(Collected data entries)
##############################

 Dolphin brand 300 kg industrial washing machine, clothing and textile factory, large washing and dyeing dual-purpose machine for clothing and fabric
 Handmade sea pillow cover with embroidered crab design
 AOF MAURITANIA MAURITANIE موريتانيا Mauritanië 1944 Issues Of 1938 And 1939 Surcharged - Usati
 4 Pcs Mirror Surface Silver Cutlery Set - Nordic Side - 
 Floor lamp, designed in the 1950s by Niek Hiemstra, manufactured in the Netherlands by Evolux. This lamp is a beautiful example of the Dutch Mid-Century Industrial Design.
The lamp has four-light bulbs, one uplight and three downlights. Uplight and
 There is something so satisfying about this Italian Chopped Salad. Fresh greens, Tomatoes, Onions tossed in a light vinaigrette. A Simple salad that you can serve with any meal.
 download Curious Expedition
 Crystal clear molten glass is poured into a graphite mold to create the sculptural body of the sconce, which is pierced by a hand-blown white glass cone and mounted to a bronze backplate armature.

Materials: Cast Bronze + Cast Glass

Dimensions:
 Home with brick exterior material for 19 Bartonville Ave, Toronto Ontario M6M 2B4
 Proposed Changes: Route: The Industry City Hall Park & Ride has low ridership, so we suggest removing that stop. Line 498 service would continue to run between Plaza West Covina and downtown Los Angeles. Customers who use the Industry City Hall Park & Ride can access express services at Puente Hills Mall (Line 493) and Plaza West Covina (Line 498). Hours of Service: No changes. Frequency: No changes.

##############################

Please filter the entries above down to the lines holding "that" and copy them.

■ **Exercise result**
 There is something so satisfying about this Italian Chopped Salad. Fresh greens, Tomatoes, Onions tossed in a light vinaigrette. A Simple salad that you can serve with any meal.
 Proposed Changes: Route: The Industry City Hall Park & Ride has low ridership, so we suggest removing that stop. Line 498 service would continue to run between Plaza West Covina and downtown Los Angeles. Customers who use the Industry City Hall Park & Ride can access express services at Puente Hills Mall (Line 493) and Plaza West Covina (Line 498). Hours of Service: No changes. Frequency: No changes.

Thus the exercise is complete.